*** Opening DATA EXTRACTS ***

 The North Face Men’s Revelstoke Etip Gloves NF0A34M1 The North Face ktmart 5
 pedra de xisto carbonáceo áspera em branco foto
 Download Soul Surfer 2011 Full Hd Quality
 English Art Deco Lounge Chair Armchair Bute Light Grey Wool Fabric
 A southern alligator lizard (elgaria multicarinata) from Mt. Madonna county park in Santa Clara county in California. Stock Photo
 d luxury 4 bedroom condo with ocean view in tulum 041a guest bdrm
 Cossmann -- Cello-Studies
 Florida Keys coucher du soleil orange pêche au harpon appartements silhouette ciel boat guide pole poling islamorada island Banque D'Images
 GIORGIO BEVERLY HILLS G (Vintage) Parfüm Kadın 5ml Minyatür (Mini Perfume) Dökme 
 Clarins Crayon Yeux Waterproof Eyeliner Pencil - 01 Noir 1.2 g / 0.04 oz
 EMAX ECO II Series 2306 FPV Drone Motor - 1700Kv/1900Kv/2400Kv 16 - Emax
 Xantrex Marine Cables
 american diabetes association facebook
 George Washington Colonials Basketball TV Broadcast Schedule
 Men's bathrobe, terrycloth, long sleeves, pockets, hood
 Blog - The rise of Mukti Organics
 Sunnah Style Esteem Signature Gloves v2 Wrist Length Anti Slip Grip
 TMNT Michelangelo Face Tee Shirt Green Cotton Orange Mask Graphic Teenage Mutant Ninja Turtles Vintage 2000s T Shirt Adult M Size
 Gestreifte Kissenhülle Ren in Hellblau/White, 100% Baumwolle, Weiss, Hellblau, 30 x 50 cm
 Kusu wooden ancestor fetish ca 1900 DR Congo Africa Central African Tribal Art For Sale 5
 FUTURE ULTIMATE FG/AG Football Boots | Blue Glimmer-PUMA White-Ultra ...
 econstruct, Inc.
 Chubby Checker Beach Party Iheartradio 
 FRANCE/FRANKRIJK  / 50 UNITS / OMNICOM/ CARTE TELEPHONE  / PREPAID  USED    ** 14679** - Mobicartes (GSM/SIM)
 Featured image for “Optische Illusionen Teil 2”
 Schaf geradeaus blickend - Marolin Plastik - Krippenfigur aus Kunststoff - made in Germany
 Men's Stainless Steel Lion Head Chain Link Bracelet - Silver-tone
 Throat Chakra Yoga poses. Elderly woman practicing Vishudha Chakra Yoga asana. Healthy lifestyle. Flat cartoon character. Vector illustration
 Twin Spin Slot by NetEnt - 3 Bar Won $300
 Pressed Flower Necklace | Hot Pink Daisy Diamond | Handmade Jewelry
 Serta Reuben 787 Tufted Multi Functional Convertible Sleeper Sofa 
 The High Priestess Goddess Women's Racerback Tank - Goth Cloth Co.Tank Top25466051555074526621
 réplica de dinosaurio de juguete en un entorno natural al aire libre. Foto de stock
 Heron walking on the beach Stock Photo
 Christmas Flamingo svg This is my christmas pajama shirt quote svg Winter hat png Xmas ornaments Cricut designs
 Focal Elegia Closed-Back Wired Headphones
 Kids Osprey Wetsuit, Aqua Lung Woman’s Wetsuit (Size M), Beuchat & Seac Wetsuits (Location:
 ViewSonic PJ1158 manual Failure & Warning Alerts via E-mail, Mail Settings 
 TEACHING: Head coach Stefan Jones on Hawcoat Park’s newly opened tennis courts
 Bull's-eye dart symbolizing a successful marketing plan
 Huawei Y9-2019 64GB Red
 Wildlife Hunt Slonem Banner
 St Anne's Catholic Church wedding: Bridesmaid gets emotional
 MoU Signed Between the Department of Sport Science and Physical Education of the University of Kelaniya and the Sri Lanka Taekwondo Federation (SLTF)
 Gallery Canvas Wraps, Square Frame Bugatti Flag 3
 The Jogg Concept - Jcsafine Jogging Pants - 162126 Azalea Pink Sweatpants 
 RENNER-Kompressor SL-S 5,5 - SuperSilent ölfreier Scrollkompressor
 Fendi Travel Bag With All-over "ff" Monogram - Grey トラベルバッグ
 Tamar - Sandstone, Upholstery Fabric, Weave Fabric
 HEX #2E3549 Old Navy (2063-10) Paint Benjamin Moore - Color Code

*** Closing DATA EXTRACTS ***

__YOUR OBJECTIVE__
Find every line above where the word "Size" occurs, and copy that line.

__EXERCISE SOLUTION__
 TMNT Michelangelo Face Tee Shirt Green Cotton Orange Mask Graphic Teenage Mutant Ninja Turtles Vintage 2000s T Shirt Adult M Size
 Kids Osprey Wetsuit, Aqua Lung Woman’s Wetsuit (Size M), Beuchat & Seac Wetsuits (Location:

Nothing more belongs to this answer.